Secured a term loan for up to $20 million that, together with cash on-hand, is expected to provide sufficient resources to fund currently planned development programs into the second half of 2021 and through anticipated initial data readouts

Obtained exclusive rights to negotiate third-party licensing rights to develop and commercialize itolizumab in select major markets outside of North America

Initiated Phase 1b EQUALISE proof-of-concept trial evaluating itolizumab for the treatment of lupus nephritis

Continued to advance itolizumab in Phase 1b development for both the treatment of uncontrolled asthma and the frontline treatment of aGVHD

Upcoming Milestones

Itolizumab initial data from the Phase 1b:

EQUIP trial in uncontrolled asthma expected in 2H 2020

EQUATE trial in aGVHD expected in 2H 2020

EQUALISE trial in lupus nephritis – systemic lupus erythematosus (SLE) cohort expected in 2H 2020, lupus nephritis cohort expected in 1H 2021

Third Quarter 2019 Financial Results

Research and development (R&D) expenses. Total R&D expenses for the three months ended September 30, 2019 were $4.2 million, compared with $1.2 million for the same period in 2018. The increase in R&D expenses was primarily driven by additional costs related to regulatory and clinical development activities associated with the EQUIP, EQUATE and EQUALISE clinical trials, increased headcount expenses, and preclinical research activities to support Equillium’s clinical development program.

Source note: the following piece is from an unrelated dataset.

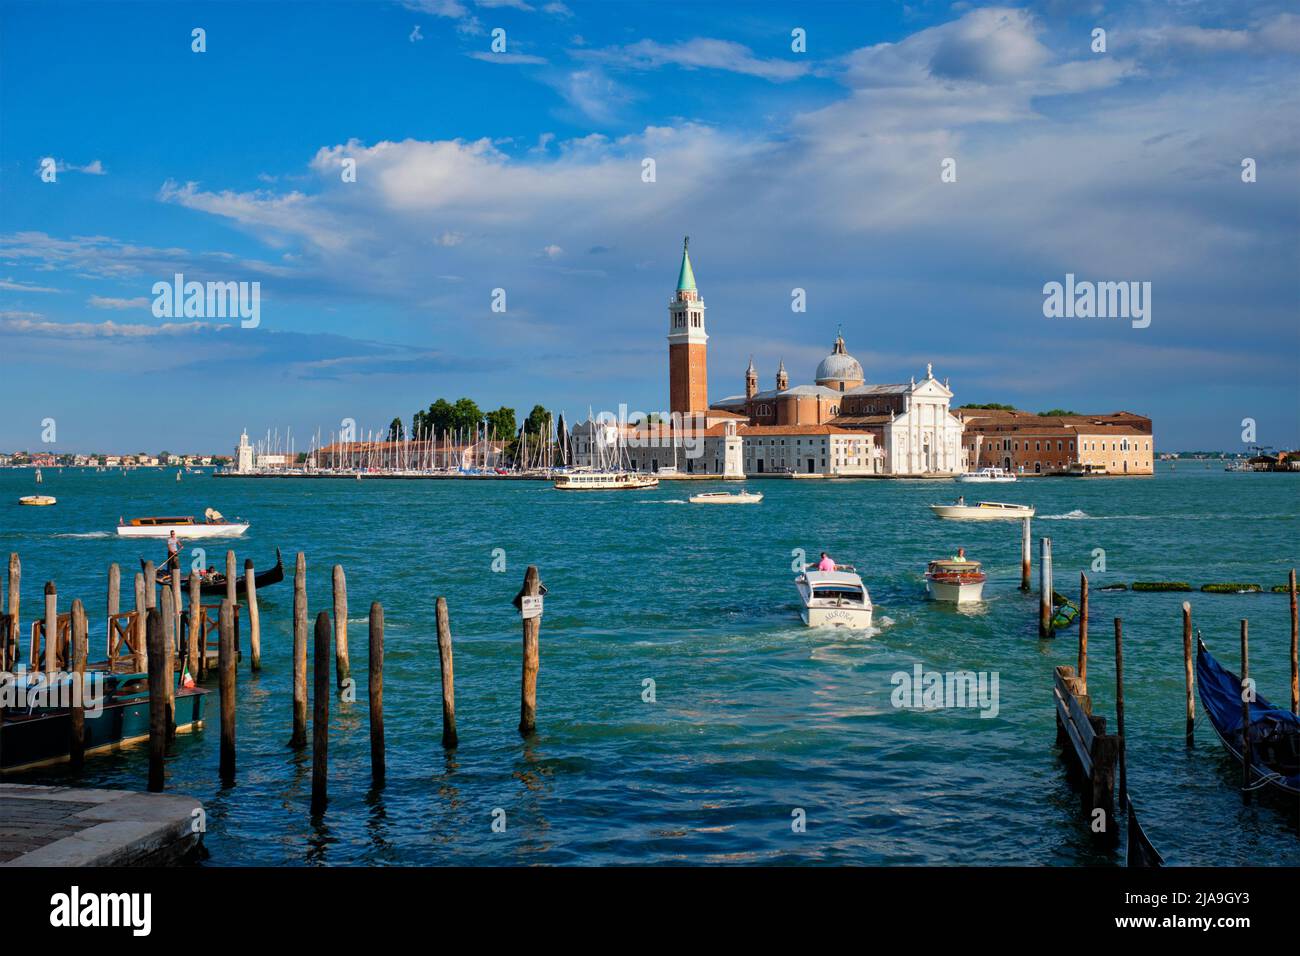 VENICE, ITALY - JUNE 27, 2018: Taxi boats in the lagoon of Venice by Saint Mark (San Marco) square with San Giorgio di Maggiore church in background i Stock Photo

General and administrative (G&A) expenses. Total G&A expenses for the three months ended September 30, 2019 were $2.1 million, compared with $1.0 million for the same period in 2018.

The increase in G&A expenses was primarily driven by additional costs related to increased headcount expenses, costs related to being a public company and legal and professional fees.

Net loss. Net loss for the three months ended September 30, 2019 was $6.0 million, or $(0.35) per basic and diluted share, compared with a net loss of approximately $4.9 million, or $(0.44) per basic and diluted share, for the same period in 2018.

Cash and cash equivalents. As of September 30, 2019, Equillium reported total cash, cash equivalents and short-term investments of $62.2 million, compared to $65.9 million as of December 31, 2018. The amount of cash and investments at September 30, 2019 included approximately $9.9 million of net proceeds from the initial advancement from the term loan.